OxyContin is the brand name for an opioid analgesic containing the active ingredient oxycodone (also found in Percocet and Percodan). OxyContin is a legal narcotic that is available by prescription to treat severe pain. OxyContin is a controlled-release medication that, when used correctly, provides extended relief of pain associated with cancer, back pain, or arthritis. However, often when the drug is abused, the tablets are crushed and snorted, chewed, or mixed with water and injected. This eliminates the time-release factor and allows for a quick and intense rush of the drug to the brain.

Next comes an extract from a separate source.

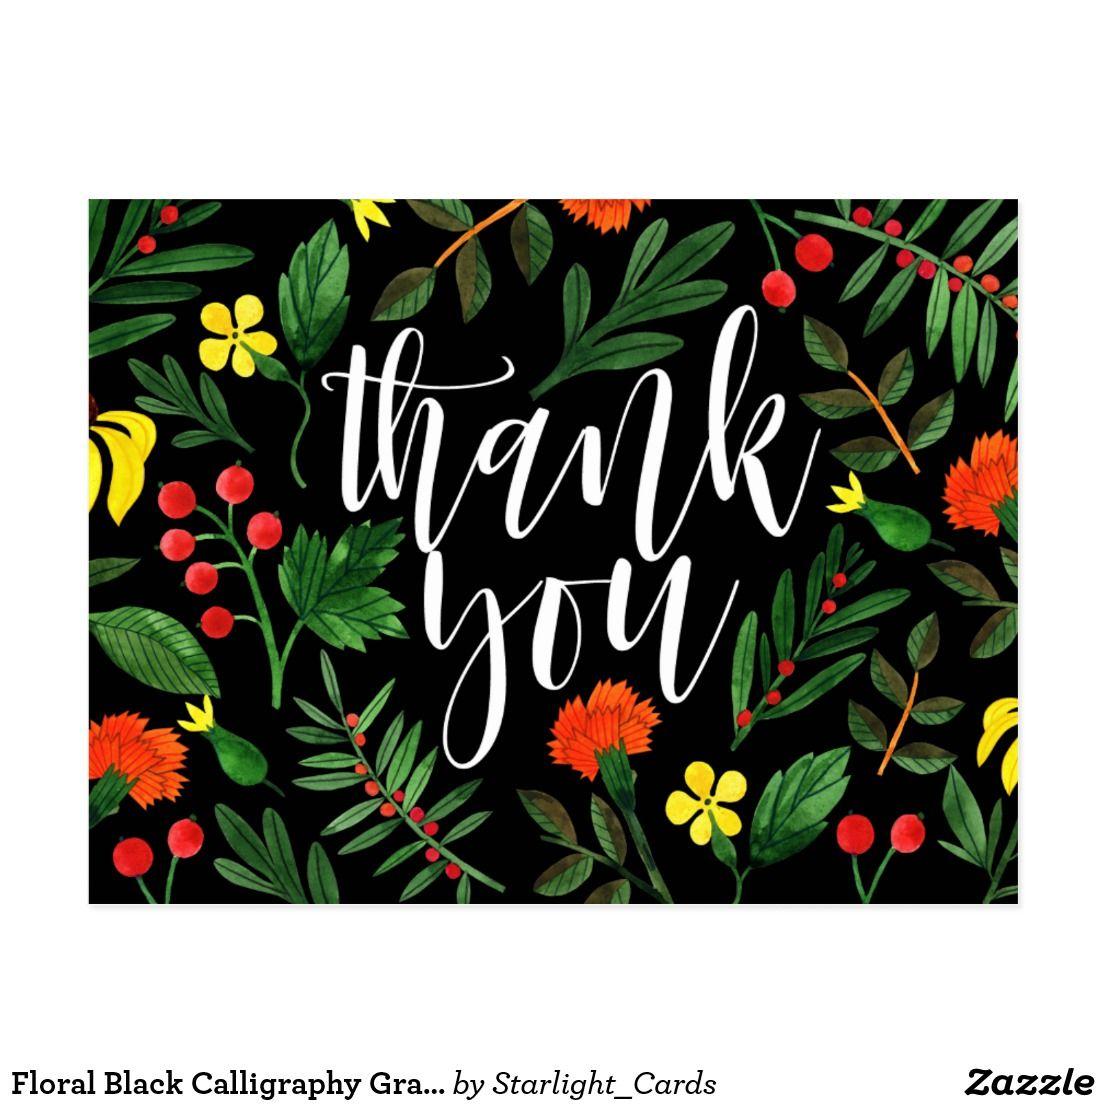 Floral black calligraphy graduation thank you postcard

This practice can lead to overdosing on OxyContin’s active ingredient, oxycodone, by releasing too much of the medication into the bloodstream too quickly. OxyContin is highly addictive which means that higher doses of the drug must be taken when a tolerance develops. Illicit use of the drug has risen drastically and steadily over the last few years.
OxyContin is also known as Oxy, OxyCotton, Oxy 80 (for the 80mg dose), or OC.
What Does OxyContin Look Like?
OxyContin most commonly exists in tablet form. These round pills come in 10mg, 20mg, 40mg, 80mg, and 160mg dosages. OxyContin also comes in capsule or liquid form.
The most serious risk associated with OxyContin is respiratory depression. Because of this, OxyContin should not be combined with other substances that slow down breathing such as alcohol, antihistamines (like some cold or allergy medication), barbiturates, or benzodiazepines. Other common side effects include constipation, nausea, sedation, dizziness, vomiting, headache, dry mouth, sweating, and weakness. Toxic overdose and/or death can occur by taking the tablet broken, chewed, or crushed. People who abuse the drug (by removing the time-release coating) will experience effects for up to 5 hours. The high that is felt is opiate-like and produces a sedate, euphoric feeling.
Using OxyContin chronically can result in increased tolerance to the drug in which higher doses of the medication must be taken to receive the initial effect. Over time, OxyContin will be come physically addictive, causing a person to experience withdrawal symptoms when the drug is not present in their system. Symptoms of withdrawal include restlessness, muscle and bone pain, insomnia, diarrhea, vomiting, cold flashes with goose bumps, and involuntary leg movements.